Directions for this task — Beginning with the line below that contains "GOES sun image cut out" and ending with the line that contains "Sprouts are definitely best cooked.", retype every line exactly. Pictures are not copied.
Provided data START
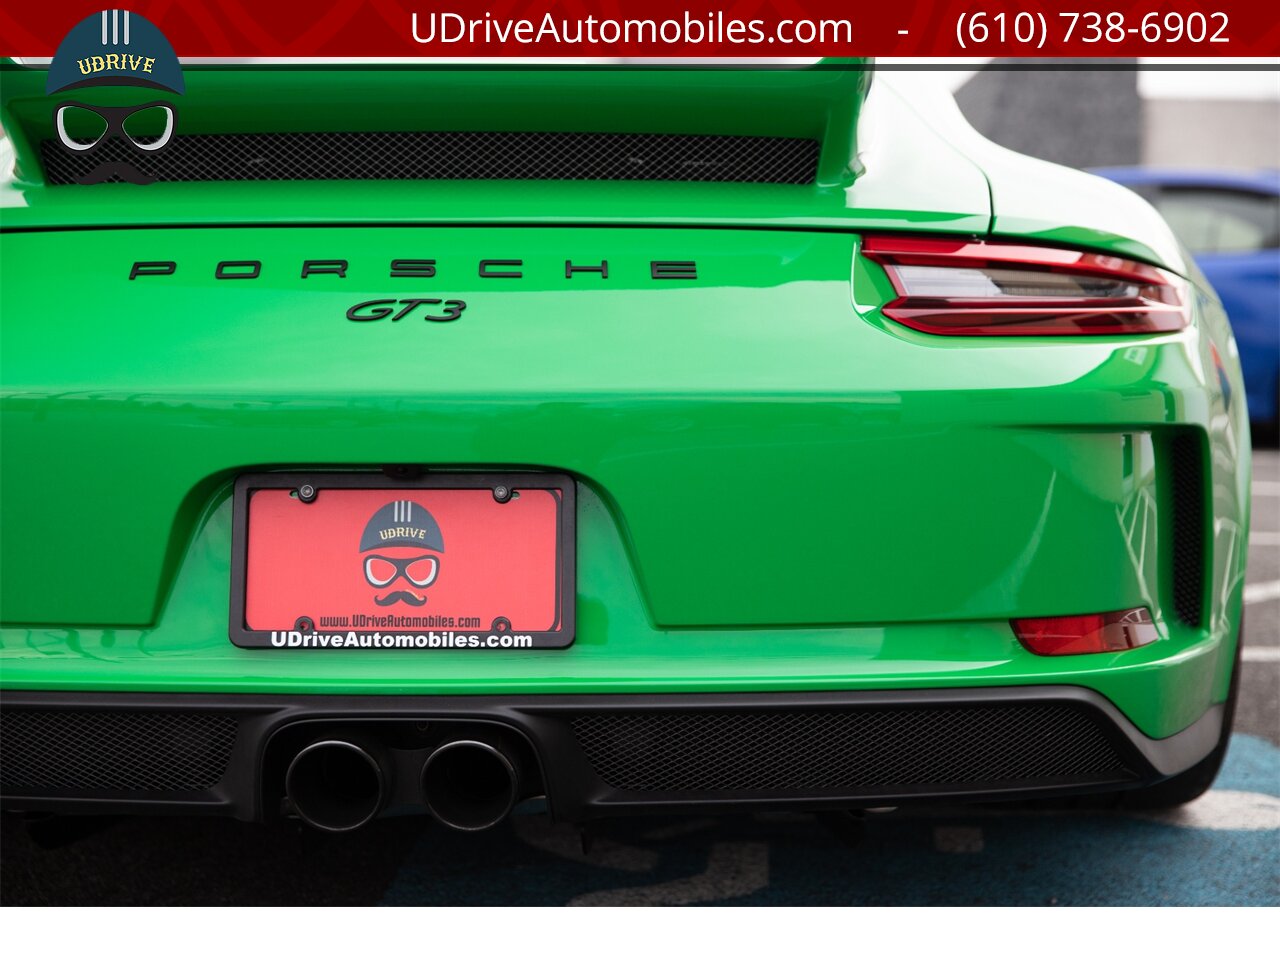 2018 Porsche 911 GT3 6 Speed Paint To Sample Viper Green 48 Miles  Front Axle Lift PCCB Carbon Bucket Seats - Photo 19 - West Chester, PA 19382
Provided data END
Provided data START
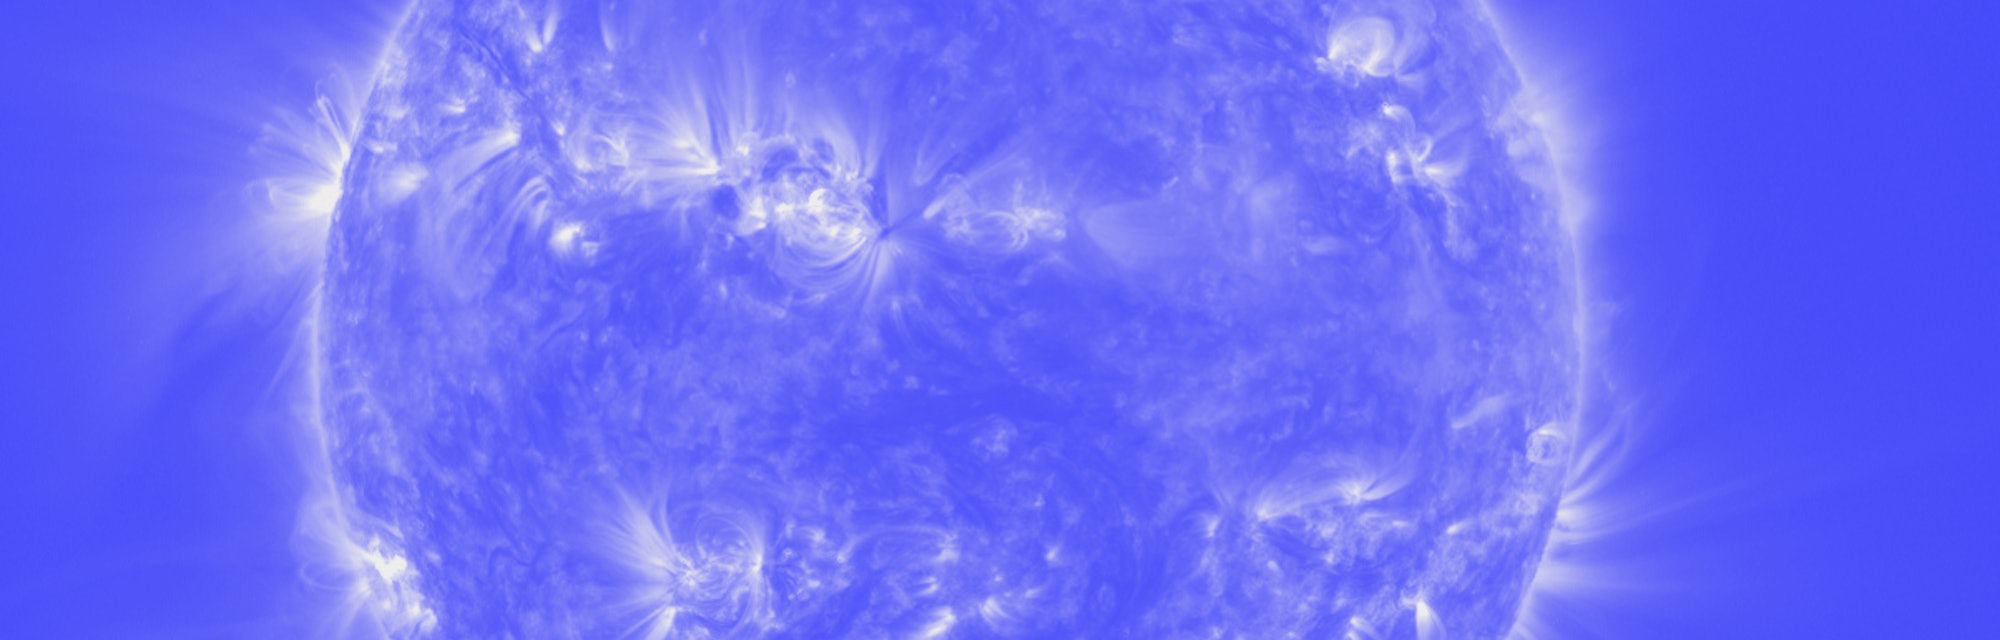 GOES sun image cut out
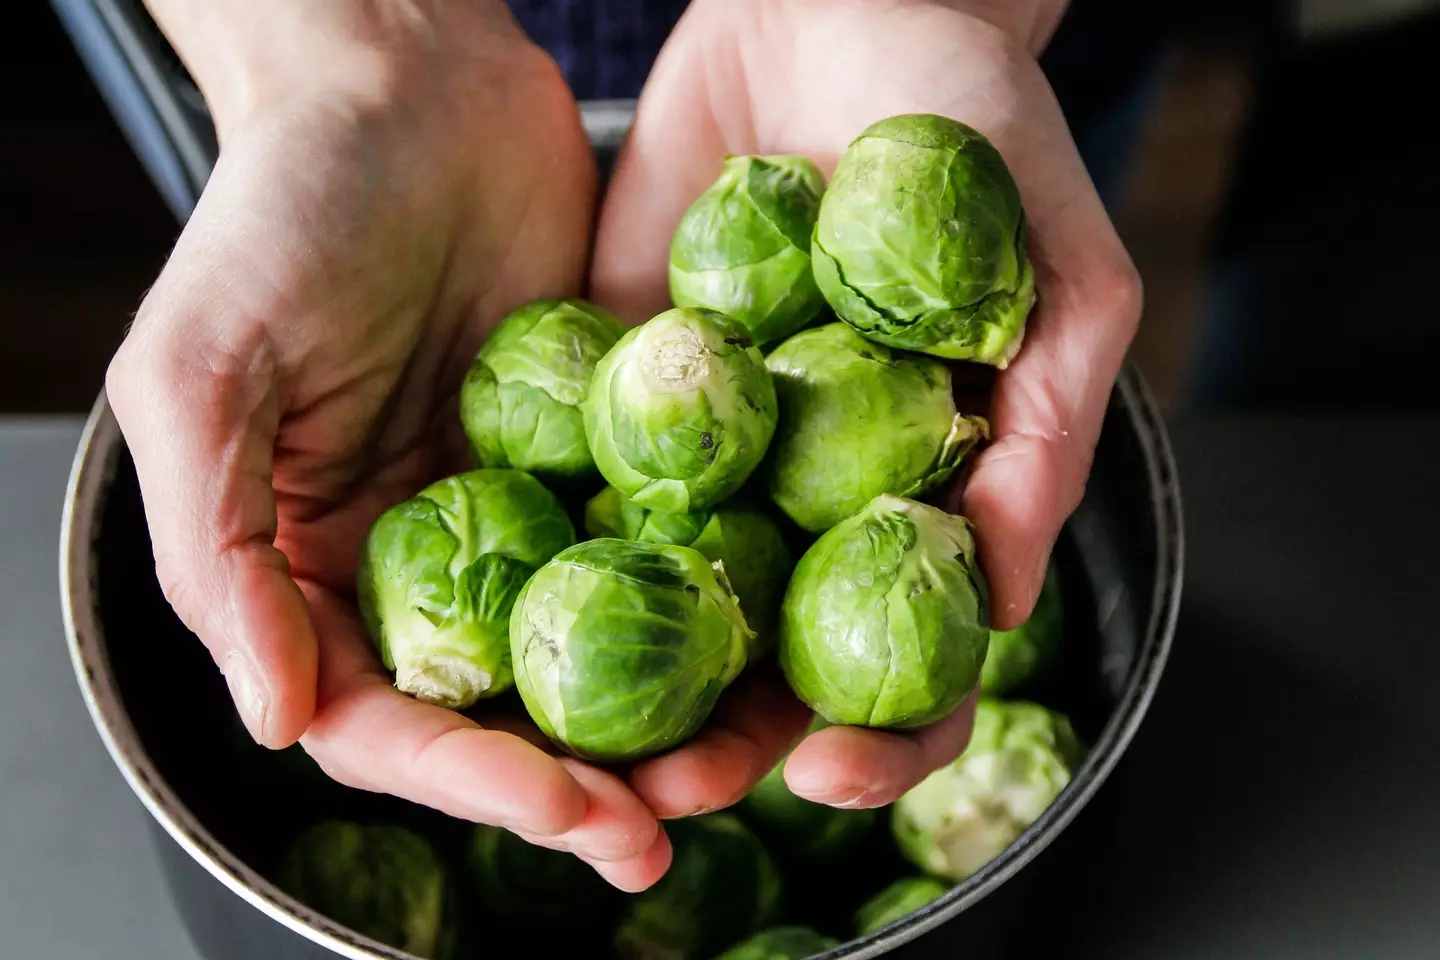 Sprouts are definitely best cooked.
Provided data END
Provided data START
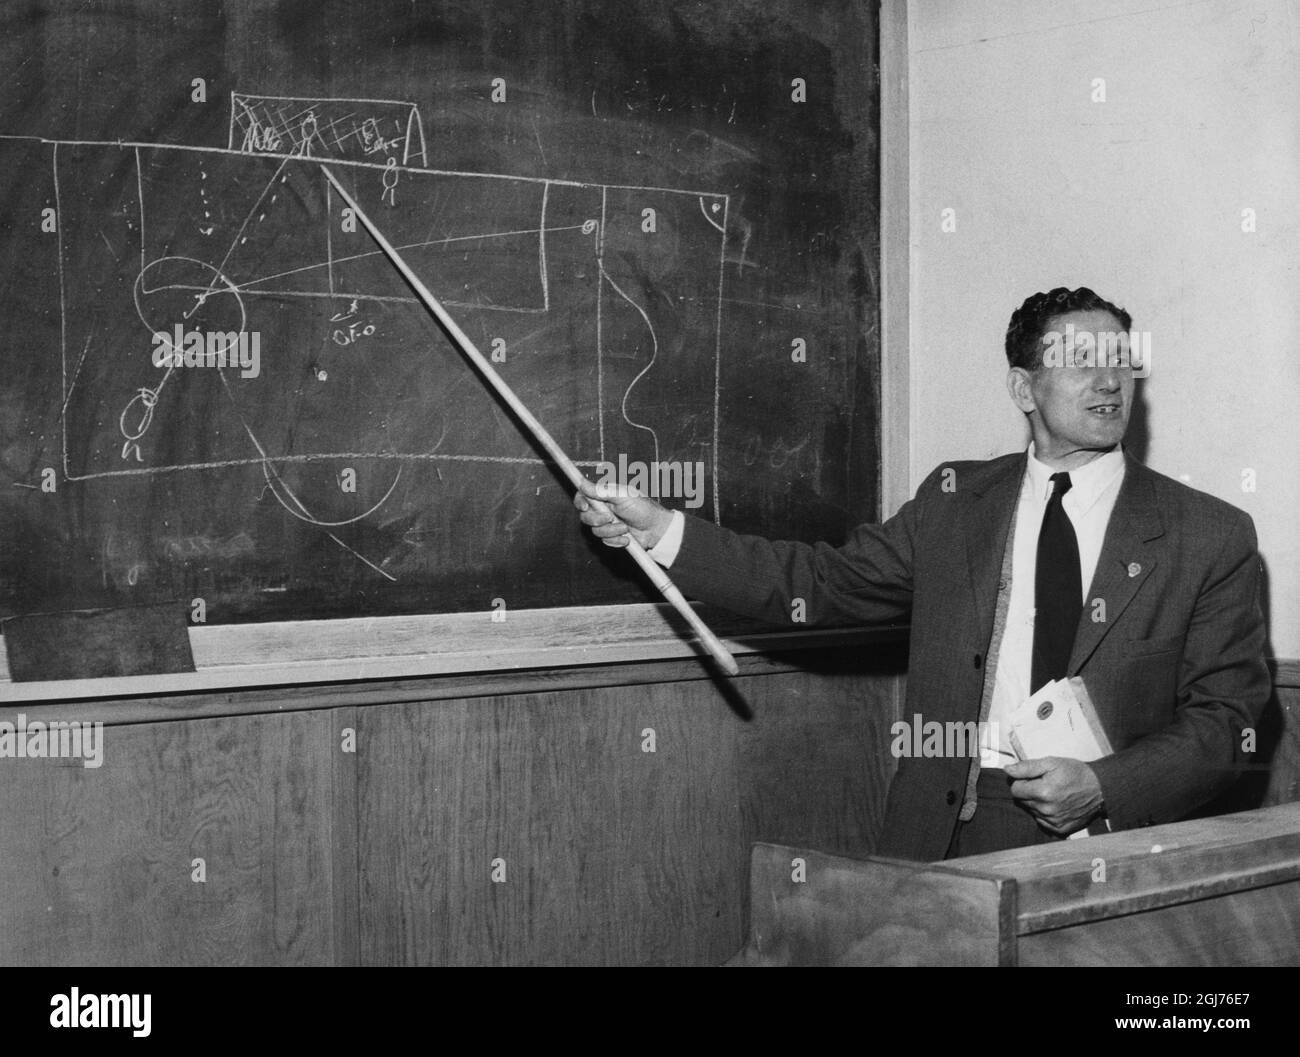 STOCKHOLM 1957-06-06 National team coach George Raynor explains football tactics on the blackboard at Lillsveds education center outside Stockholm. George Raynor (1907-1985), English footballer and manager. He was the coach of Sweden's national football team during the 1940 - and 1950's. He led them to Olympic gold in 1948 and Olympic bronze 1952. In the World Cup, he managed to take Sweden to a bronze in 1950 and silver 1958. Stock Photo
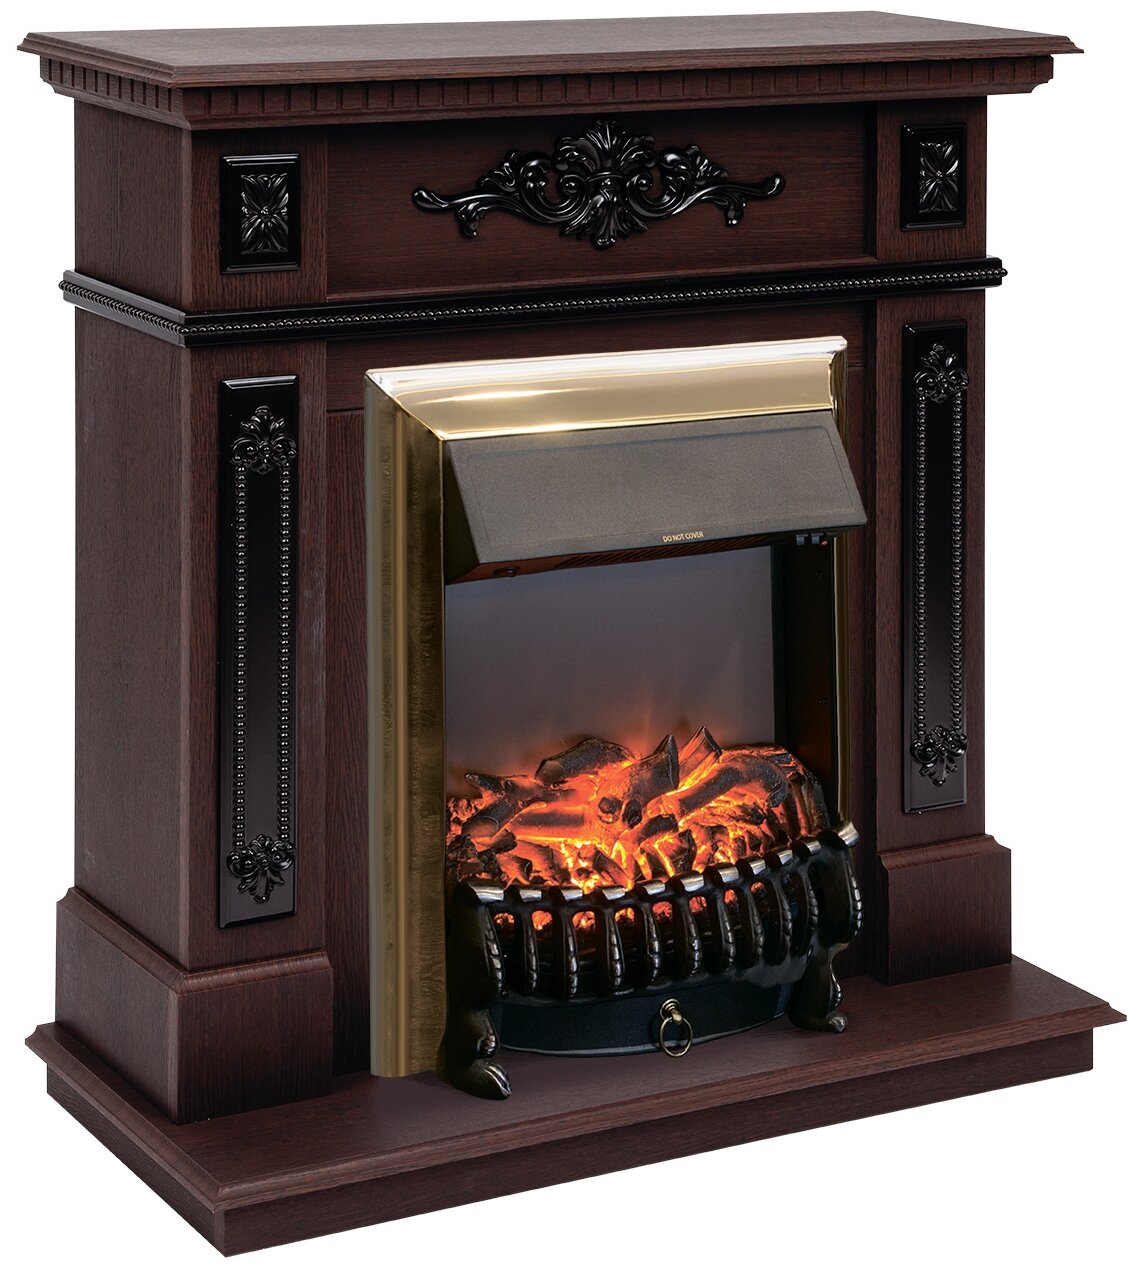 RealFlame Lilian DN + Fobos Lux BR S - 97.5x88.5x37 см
Provided data END
Problem solution —
 GOES sun image cut out
 Sprouts are definitely best cooked.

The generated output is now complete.